The instant writ petition therefore deserves to be allowed for the said reason. 24. As a consequence, it is ordered that the petitioner shall be deemed to have voluntarily retired w.e.f. 31.08.2008 and is entitled for all consequential pension and pensionary benefits which she would have been otherwise entitled as on 31.08.2008. However, in the event of the petitioner going on leave after exhausting all the leaves that were there to her credit, the pensionary benefits and the effective date of voluntary retirement would be in accordance with the provisions of Sub-Rule (4) of Rule 43 of the PENSION RULES , which prescribes the situation where the employee retires while on leave. It is further ordered that the petitioner shall be entitled for all consequential benefits including arrears of pension from the date of voluntary retirement becoming effective. The liability, as has been discussed earlier falls only upon the State of A.P., as on this date the new State had not been carved out and that the petitioner was working in the territories which even as on this date is within the State of A.P. i.e. Kurnool District. Let the entire arrears of pension be calculated and processed within an outer limit of four (04) months and further pension also be regularly paid. 25. We are conscious of the fact that the petitioner has been denied the benefits of retirement unnecessarily for a long time because of the developments that took place in between.

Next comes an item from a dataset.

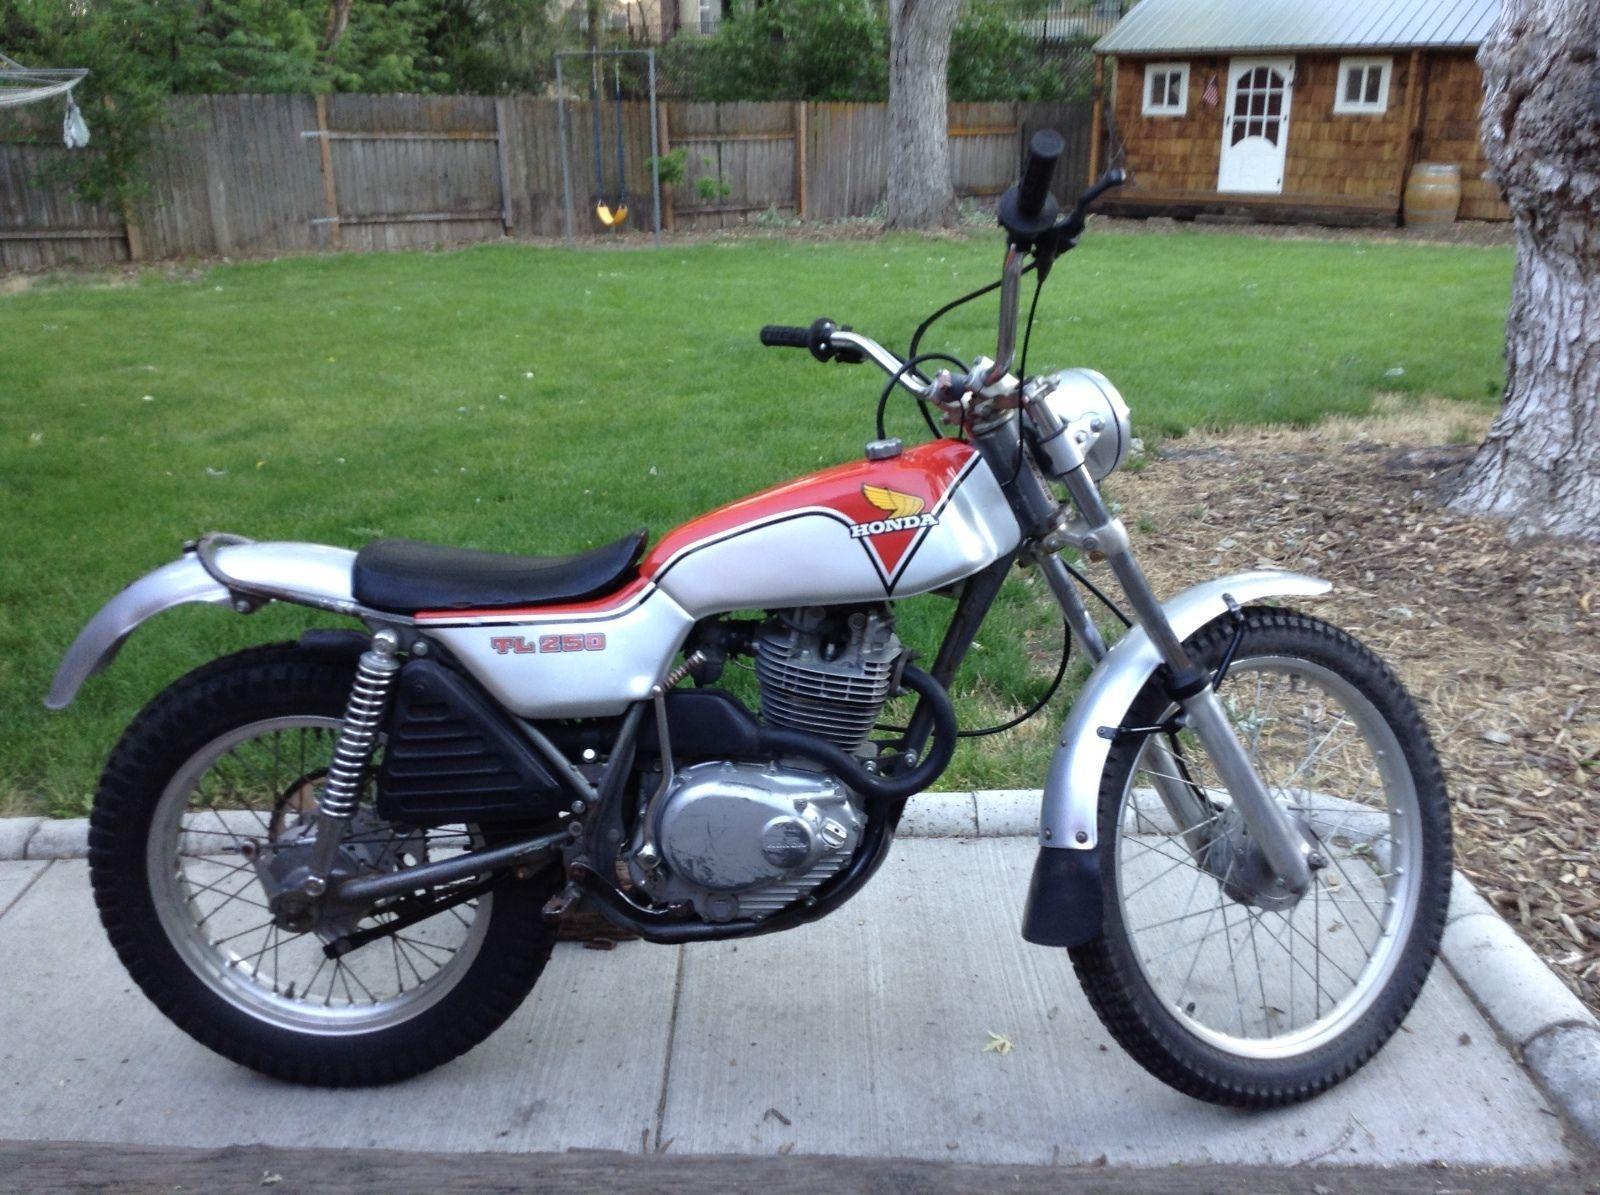 1976 honda tl250 trials motorcycle ebay terry 39 s stuff. Black Bedroom Furniture Sets. Home Design Ideas

We are not imposing interest on the arrears of pension. Nonetheless, if the State of A.P. fails to clear the arrears of pension and other benefits within a period of four (04) months as directed, the entire pensionary benefits would carry interest at the rate of 7%. 26. Accordingly, the writ petition stands allowed in the afore given terms. 27. As a sequel, miscellaneous petitions pending if any, shall stand closed. However, there shall be no order as to costs.